### Source information
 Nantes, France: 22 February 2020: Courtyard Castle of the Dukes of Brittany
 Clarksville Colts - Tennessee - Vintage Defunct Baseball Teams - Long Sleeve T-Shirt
* * *
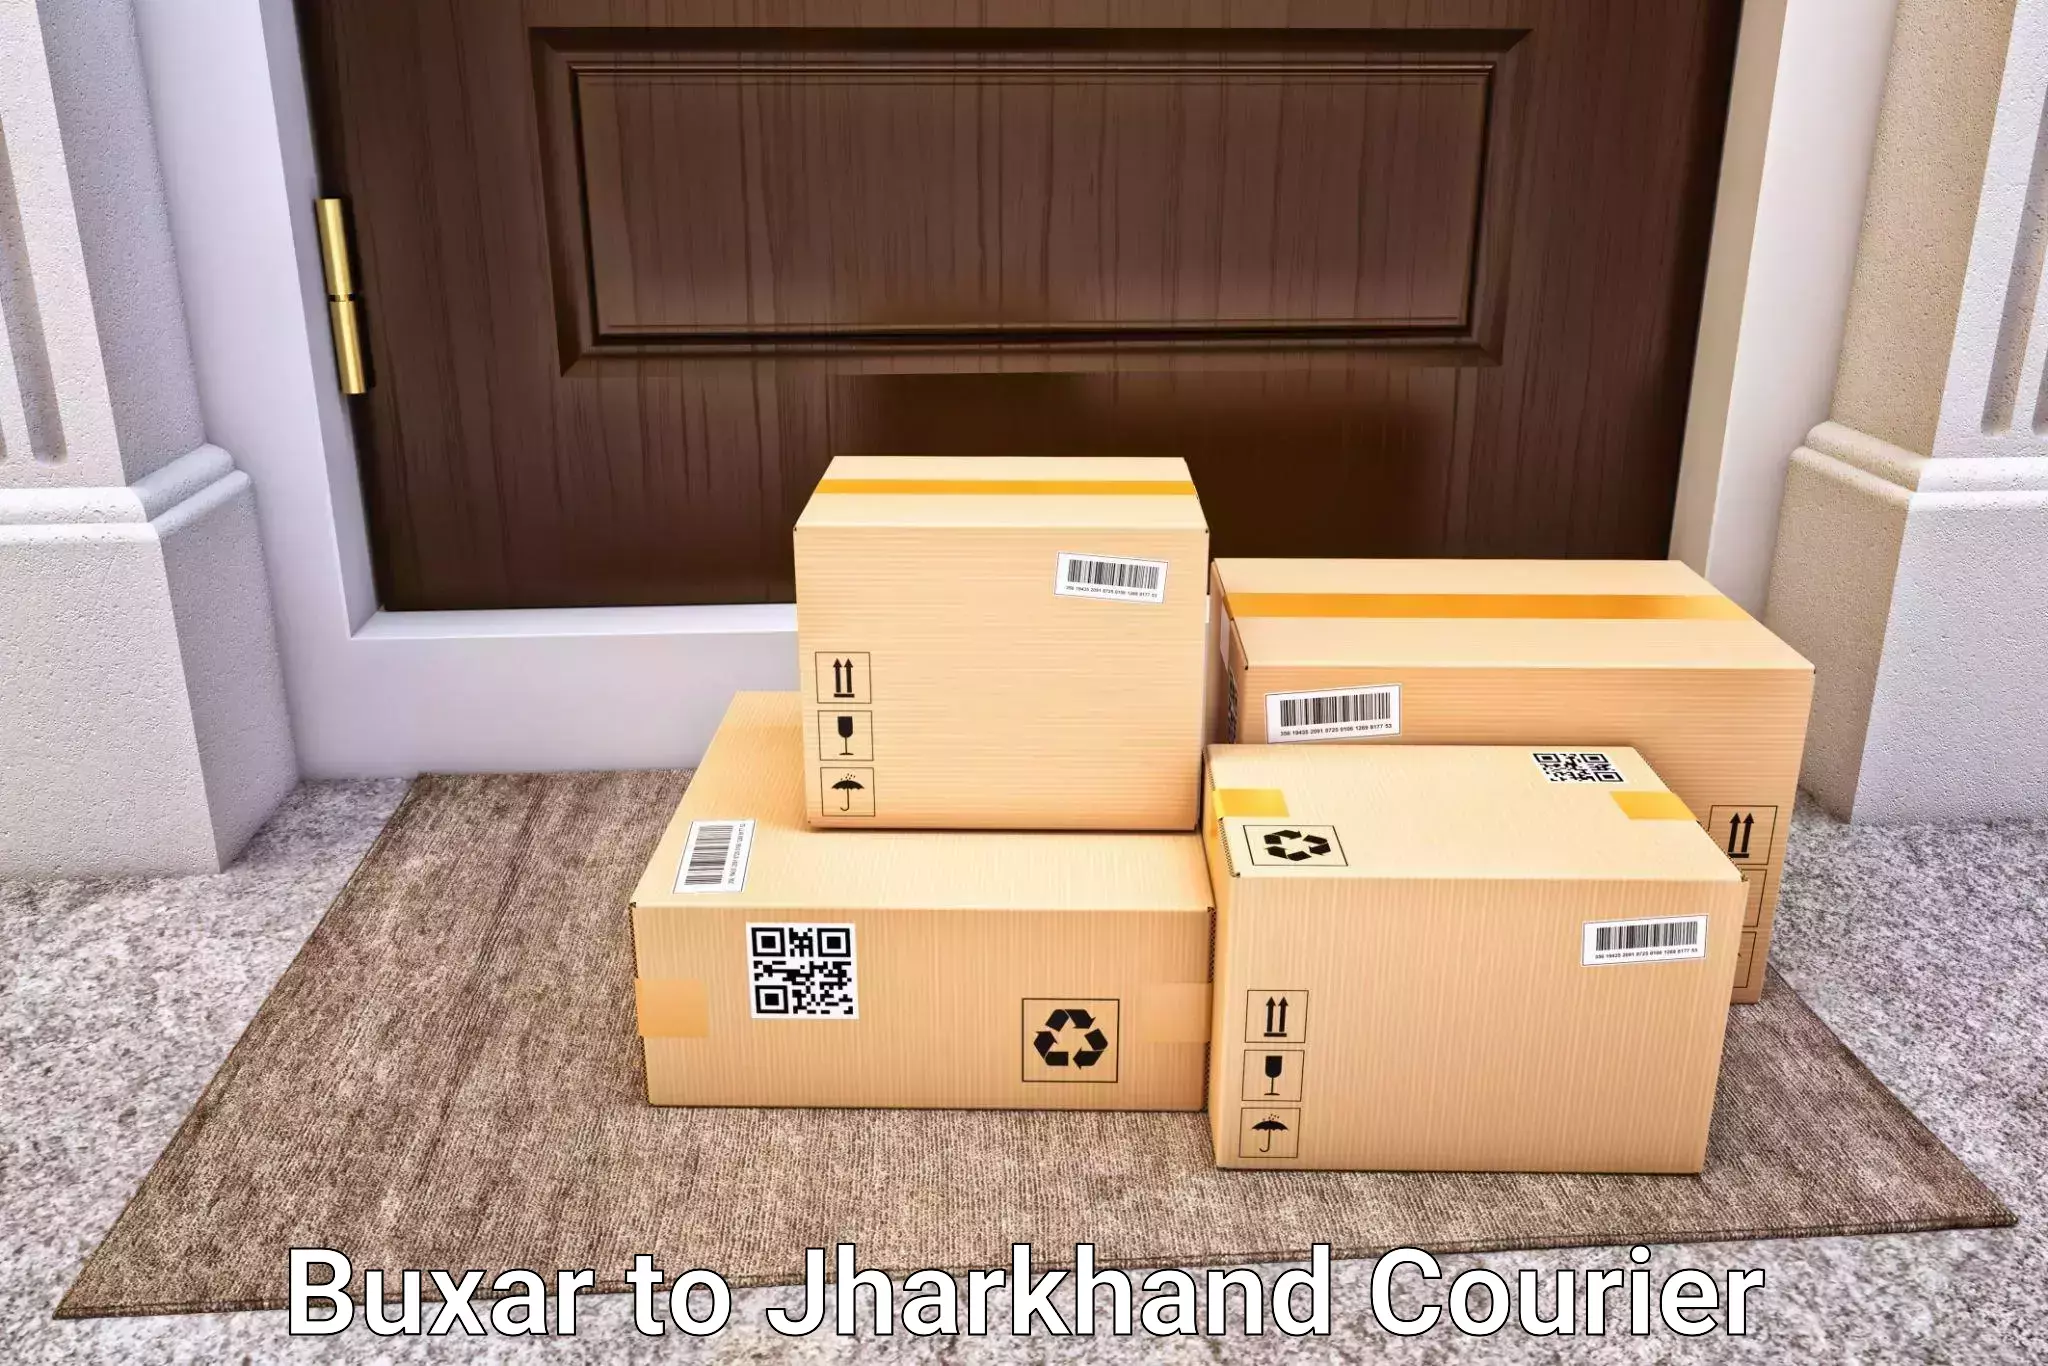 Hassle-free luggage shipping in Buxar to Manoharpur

### Activity
Please give back exactly the lines of this listing beginning at the line with "Nantes, France: 22" and ending with the line with "Clarksville Colts - Tennessee", both included, and nothing else.

### Task output
 Nantes, France: 22 February 2020: Courtyard Castle of the Dukes of Brittany
 Clarksville Colts - Tennessee - Vintage Defunct Baseball Teams - Long Sleeve T-Shirt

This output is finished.